Social commerce is quite a popular term, with a lot of varying angles and perspectives. Loosely defined it is the digital selling of products utilizing social media like features (e.g. for product discovery and experience). This plurality of perspectives culminates in as many approaches to social commerce. The underlying premise is what they all have in common: Leverage our changing behaviour patterns for improved and immersive commerce solutions.
On the forefront are the big social media platforms (like Facebook or Snapchat), which are already great at letting users discover and experience products. With features like dynamic product ads or in app checkouts they are constantly improving their own on-platform and off-platform commerce offering. Then we have players like Verishop. They are building a marketplace, but to improve the experience they are adding features like feeds and are hence adopting a more social media like look and feel.
Shopify, one of the leading providers of e-commerce software, is actively encouraging its customers to experiment with social commerce, as this is a great way to connect with and sell to customers. Walmart, another major retail player, is taking this approach to the next level. They are not just thinking about how they can utilize social media platforms, but are exploring a potential purchase of TikTok US. Effectively becoming a major social commerce player themselves. They even renewed their interest after their initial bid, which was jointly with Microsoft, was rejected by TikTok’s parent company ByteDance.
Those are just some examples of the many approaches to social commerce. We compiled some articles below, in case you want to dive deeper.
Facebook is making it easier to shop and sell within its apps
Facebook just took the next step to becoming more of a digital mall. After Instagram Shops, Facebook is now announcing the expansion to Facebook Shops. The Shop is aimed to be a new place to discover businesses and shop for products in the Facebook/Instagram app. Businesses can easily set up their own store and showcase their products. While Facebook is getting the Shops starter kit, Instagram will go into the next phase. With Checkout it will enable users to make a purchase in just a few taps. All of this happens without actually leaving the app.

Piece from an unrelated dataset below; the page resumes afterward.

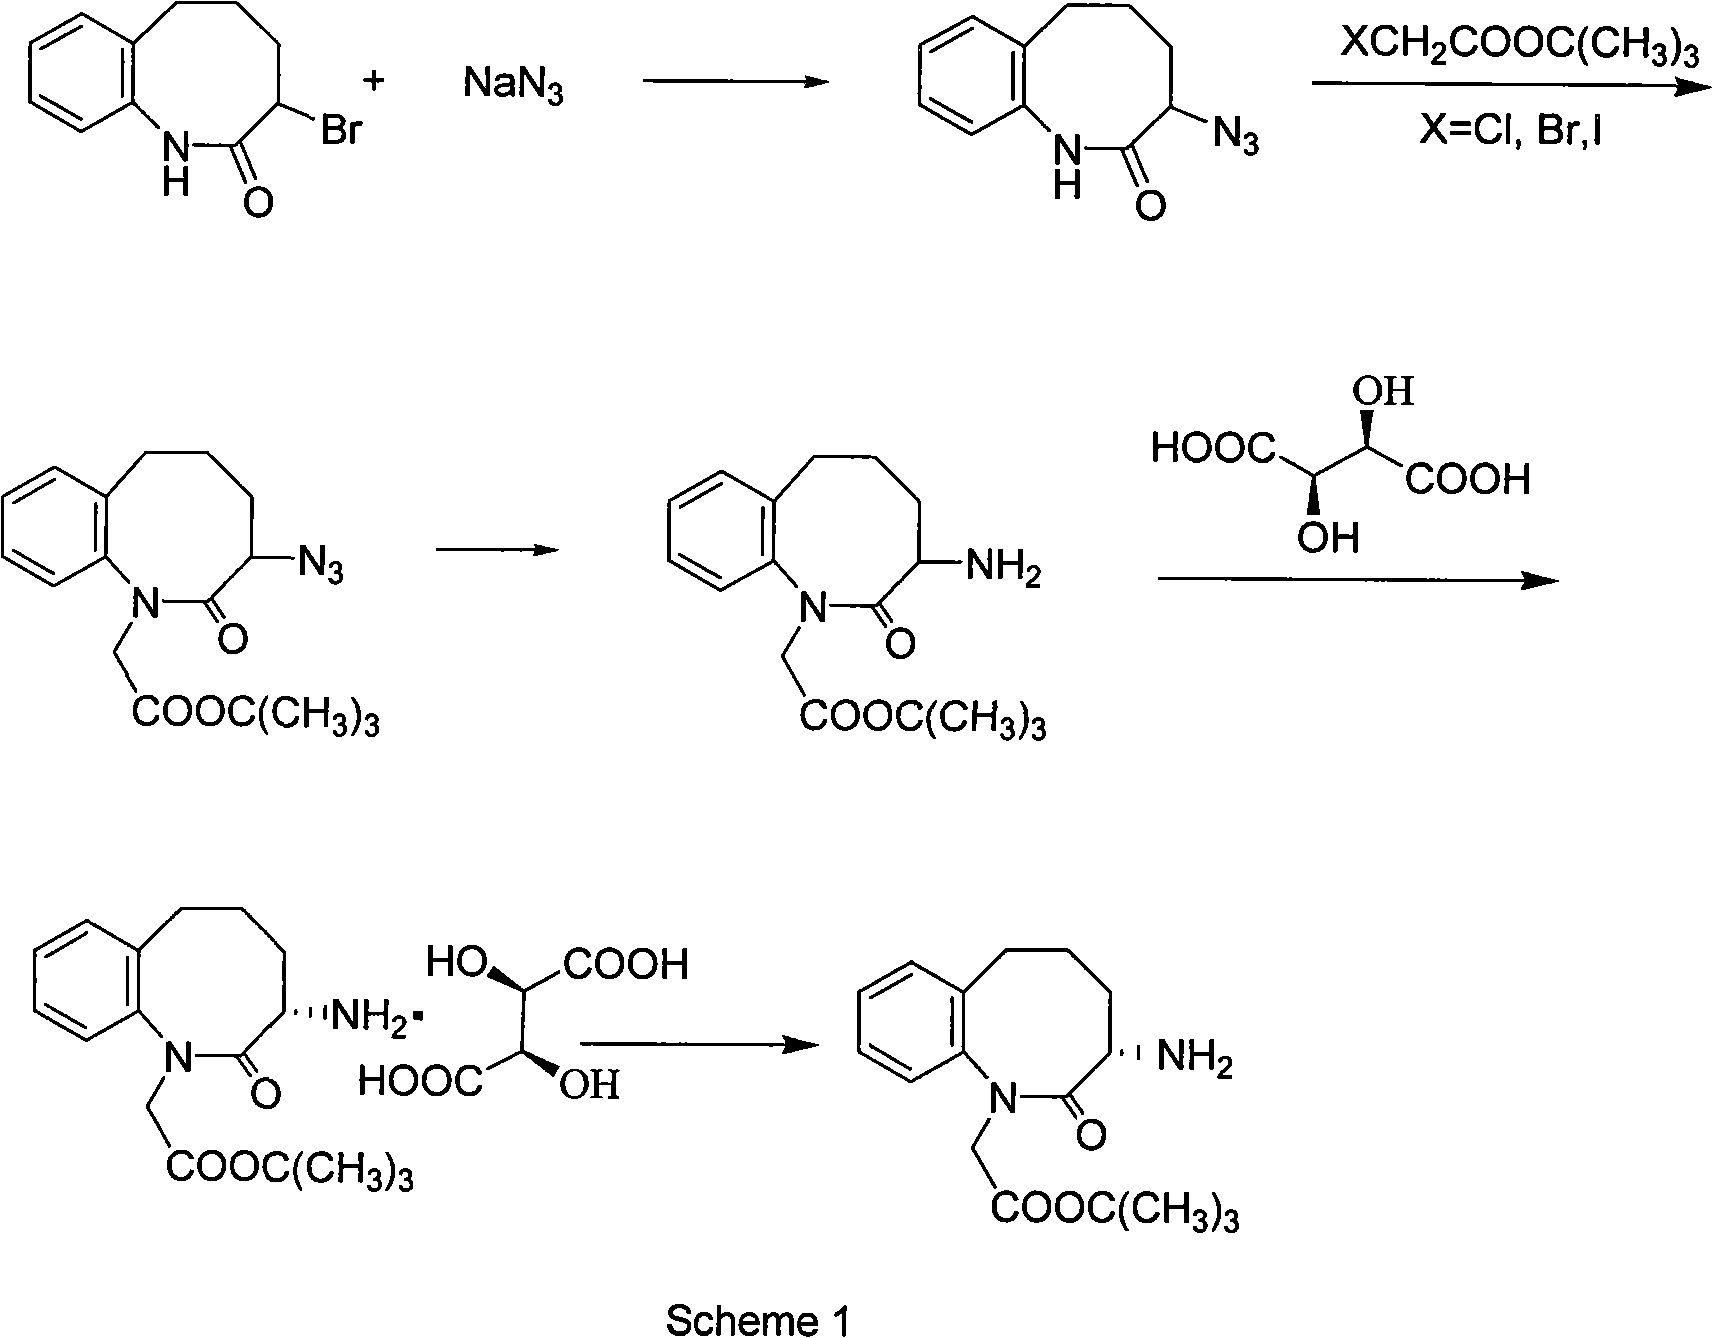 Method for preparing 3-(S)- amino-2,3,4,5-tetrahydro-2-oxy-1H-1-benzazepin-1-tert-butyl acetate

Snapchat’s ‘dynamic ads’ product for e-commerce retailers rolls out worldwide
With it's latest ad product launch, Dynamic Ads, Snapchat is also delving deeper into social commerce. This ad product allows advertisers to automatically create ads in real time using the brands own product catalog. As known from other platforms, advertisers don’t have to spend time manually creating their advertisement to fit Snapchat’s vertical format, but instead, sync their product catalog with the social platform and allow Snap to build their ads in real time. Early results of this new format have been very promising, with advertisers seeing significant ROAS increases.
Verifshop adopts a social network strategy from China
Looking at digital commerce and an effective omni-channel approach, social media platforms are a natural next step. Instagram, Pinterest or Snapchat are constantly working on ways to improve the shopping experience for its users. Verishop however is entering the social commerce sphere the other way around. It is an e-commerce site that specifically offers social elements like a personalized feed to let it's user have a social shopping experience. This approach is not new and has led to great success for dominating Chinese e-commerce players like Alibaba.
How social commerce is enabling retailers to be part of their customers’ life
Social commerce is the perfect opportunity for retailers of all stripes to dive in, experiment with social shopping, and emerge ahead of the curve. The ability to showcase the brand and products exactly where people spend much of their time to discover things they are interested in, is combined with fast and easy purchasing flows making social commerce a great place to combine product discovery and sales.
What a Walmart-Microsoft bid for TikTok could mean for e-commerce
The potential (forced) sale or technology partnership of TikTok’s US operations to or with a local partner has dominated the tech headlines for the past weeks. One of the more interesting suitors is Walmart. While this sounds strange initially, there are solid business reasons behind it. The retail landscape has shifted dramatically and Walmart's move is just the latest in a string of maneuvers in which retailers try to adjust their ways of selling products in the digital world. On top of the direct path to the customer, transaction data is the other big asset of owning a social media platform. While it currently needs to be shared with Facebook or Google, a world where Walmart is able to effectively reach and serve its customers through an omni-channel approach as well as provide a viable platform for its third party brands to advertise on, opens a whole new set of opportunities.